What to do: Copy every line of the data below exactly as given, except for the pictures.

═════ Recorded information ═════

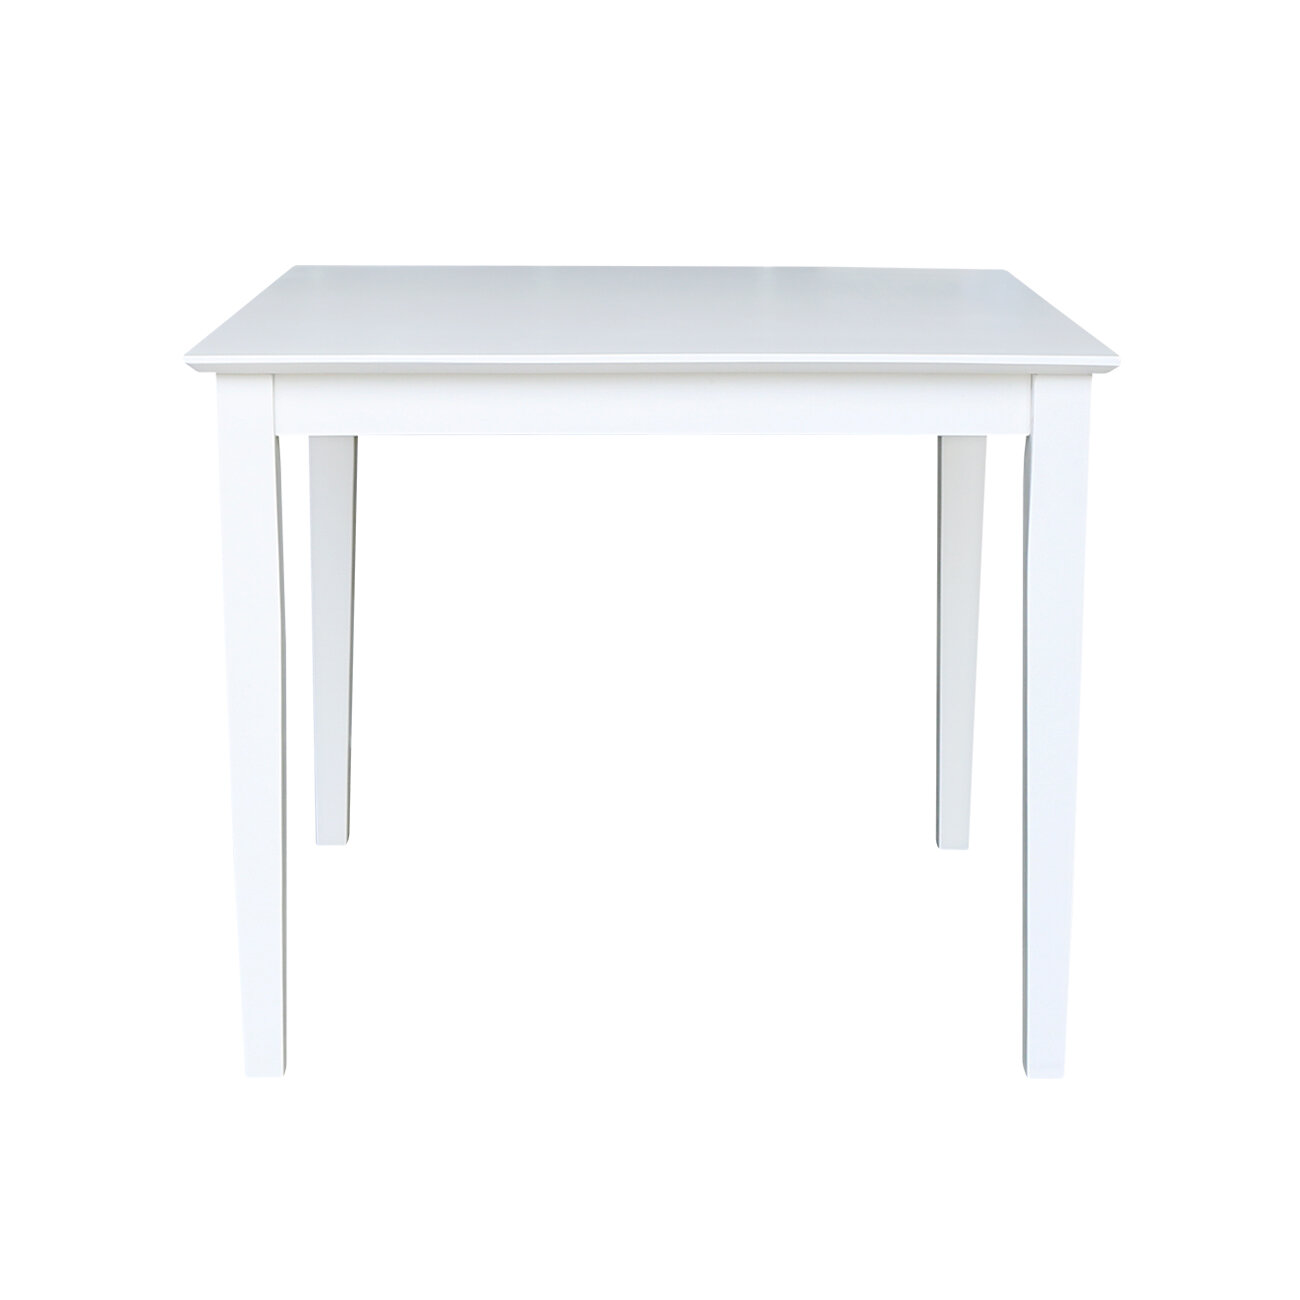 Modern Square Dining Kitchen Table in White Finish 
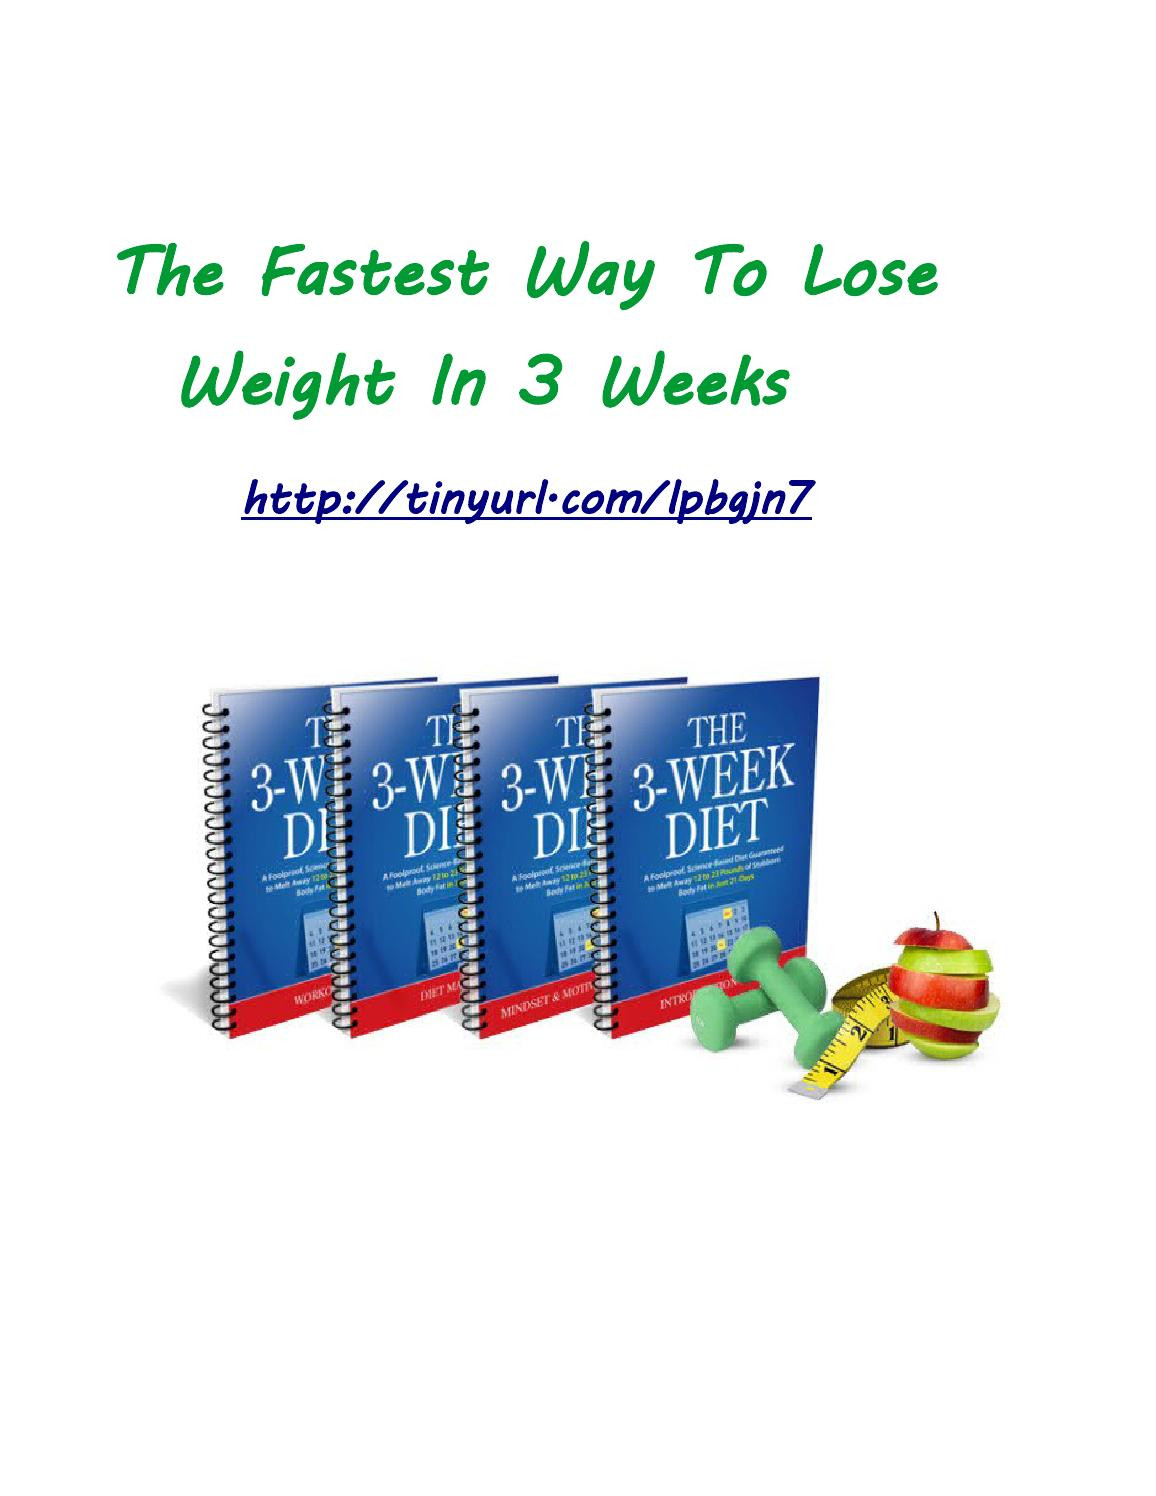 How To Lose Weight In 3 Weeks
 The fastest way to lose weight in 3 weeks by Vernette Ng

═════

Your solution:
 Modern Square Dining Kitchen Table in White Finish 
 How To Lose Weight In 3 Weeks
 The fastest way to lose weight in 3 weeks by Vernette Ng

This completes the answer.